The cell below builds a tiny corpus, runs the four pre-processing steps inside CountVectorizer, and prints the resulting term-document matrix. Read it carefully: each row is a document, each column is a word from the vocabulary, and each cell is a count.

Reading the output. Each row is one document; each column is a term from the vocabulary (stopwords like “the,” “in,” “and” have been removed). A cell value of 2 means that term appeared twice in that document; a 0 means it did not appear at all. Notice how “revenue” appears in Doc1 and Doc5, and “margins” appears in Doc2 and Doc6 — this co-occurrence pattern is exactly the signal that topic models exploit to group documents.

In practice

Bloomberg Terminal’s natural-language search and Goldman Sachs’s internal NLP scoring system both start from a bag-of-words representation — though augmented with financial entity normalization (ticker disambiguation, date normalization, number parsing). The core bag-of-words matrix, often called the “document-term matrix” or DTM in finance research, is the standard input to LDA in academic studies. When researchers at the Fed analyze FOMC minutes or when Hoberg and Phillips analyze 10-K filings, the first artifact produced is a term-document matrix of exactly this form.

Exercise

Modify the corpus list above by adding two sentences of your own about a company or social-media topic you know well. Re-run the cell and observe how the vocabulary and matrix change. Which new words appear? Which existing counts change?

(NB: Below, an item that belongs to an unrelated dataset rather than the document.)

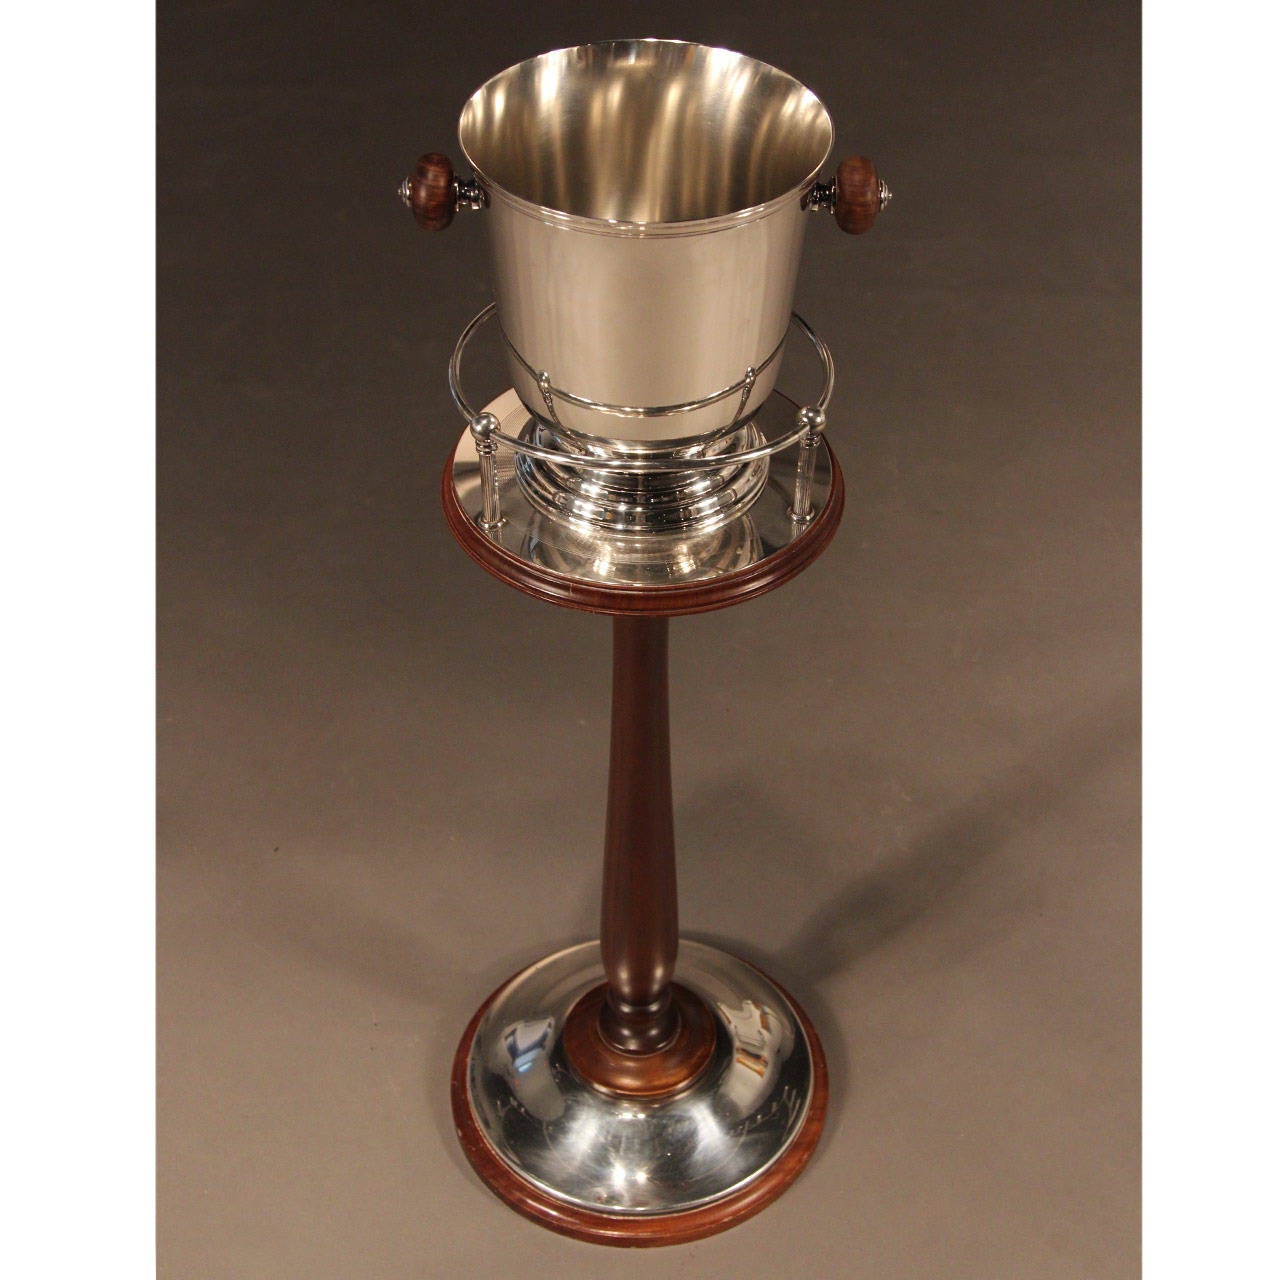 Beautiful silver plated champaign bucket on mahogany Stand by Christofle, France, with turned wood handles. Art Deco style. 

From the home of former Cartier President.

Before running the cell below, predict: if you add the word “revenue” to Doc4, will the count in column “revenue” for row Doc4 change from 0 to 1? What happens to the total vocabulary size?

TF-IDF: What Is Unique to This Document?

The problem with raw counts

Raw word counts have a well-known defect: they reward common words. In a corpus of earnings call transcripts, the word “company” appears in virtually every document and accumulates high counts everywhere. A topic model fed raw counts will have “company” appear as a top word in almost every topic — not because it is informative, but because it is ubiquitous. The word tells us nothing about what distinguishes one document from another.

The solution is to downweight words that are common across many documents while preserving the signal from words that are rare in the corpus but prominent in a specific document. This is the intuition behind Term Frequency–Inverse Document Frequency, or TF-IDF.

The formal definition

Let \(\text{tf}_{t,d}\) be the count of term \(t\) in document \(d\) (or its normalized version), and let \(\text{df}_t\) be the number of documents in the corpus that contain term \(t\) at least once. With \(N\) total documents, the TF-IDF weight is:

\[\text{tfidf}_{t,d} = \text{tf}_{t,d} \cdot \log\frac{N}{\text{df}_t}\]

The second factor, \(\log(N / \text{df}_t)\), is the inverse document frequency (IDF). When \(\text{df}_t = N\) (the term appears in every document), the IDF equals \(\log(1) = 0\), and the weight collapses to zero regardless of how often the term appears in \(d\). When \(\text{df}_t = 1\) (the term appears in only one document), the IDF equals \(\log(N)\), its maximum — rewarding the term for being highly discriminative. The logarithm dampens the effect of very rare terms that might otherwise dominate the matrix.

In practice, sklearn uses a slightly smoothed variant:

\[\text{tfidf}_{t,d} = \text{tf}_{t,d} \cdot \left(1 + \log\frac{N+1}{\text{df}_t + 1}\right)\]

The smoothing prevents division by zero for terms that appear in all documents.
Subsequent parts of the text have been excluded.